Link: https://www.pnnl.gov/news-media/researchers-explore-biomining-seaweed-critical-minerals

• Pacific Northwest National Laboratory researchers are exploring seaweed as a sustainable source of rare earth elements and other critical minerals like nickel, cobalt, and dysprosium.

• Seaweed naturally bioaccumulates minerals from seawater—sometimes at concentrations over a million times higher than the surrounding water.
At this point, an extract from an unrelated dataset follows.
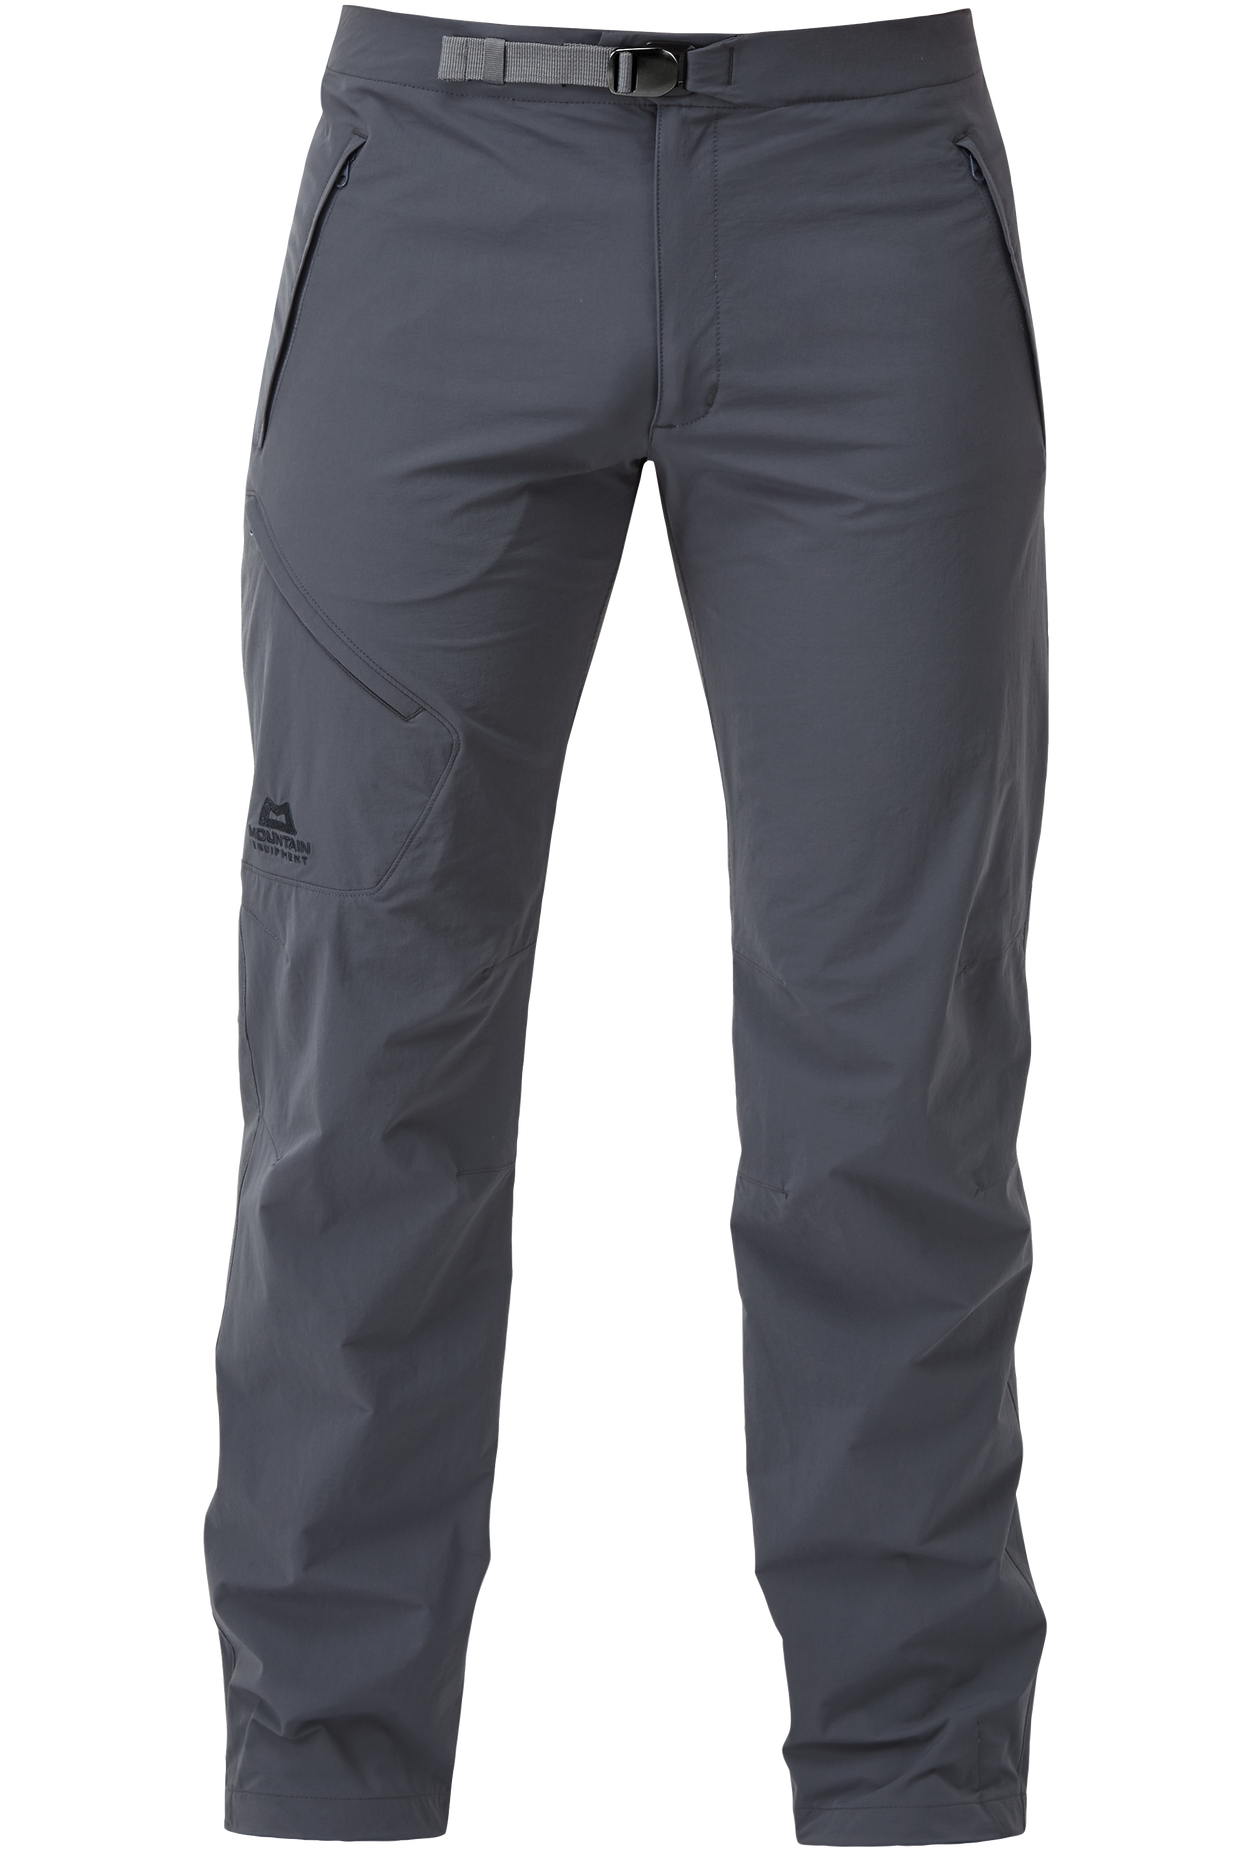 Mountain Equipment pánské softshellové kalhoty Comici Pant - prodloužené Barva: Ombre Blue, Velikost: 38/XXL

• Different seaweed species have the ability to concentrate different minerals:
  • Fucus (brown seaweed) is rich in nickel.
  • Ulva (sea lettuce) excels at accumulating rare earth elements.

• Researchers grow seaweed in controlled lab conditions using seawater from Sequim Bay, Washington.

• Seaweed is ground into a paste and mixed with acidic liquids (lixiviants) to release minerals.

• Heat and pH adjustments help break chemical bonds and extract the minerals.

• The goal is to recover at least 50% of the mineral content from the biomass.

• Seaweed grows quickly, doesn’t require freshwater, and the leftover biomass can be repurposed for biofuels, plastics, or adhesives.

• Researchers are testing cost-effective methods, including using waste acids from other processes.

• The diversity of seaweed species allows for tailored mineral harvesting based on evolving technological needs.

• Biomining could offer a domestic, eco-friendly alternative to traditional mining.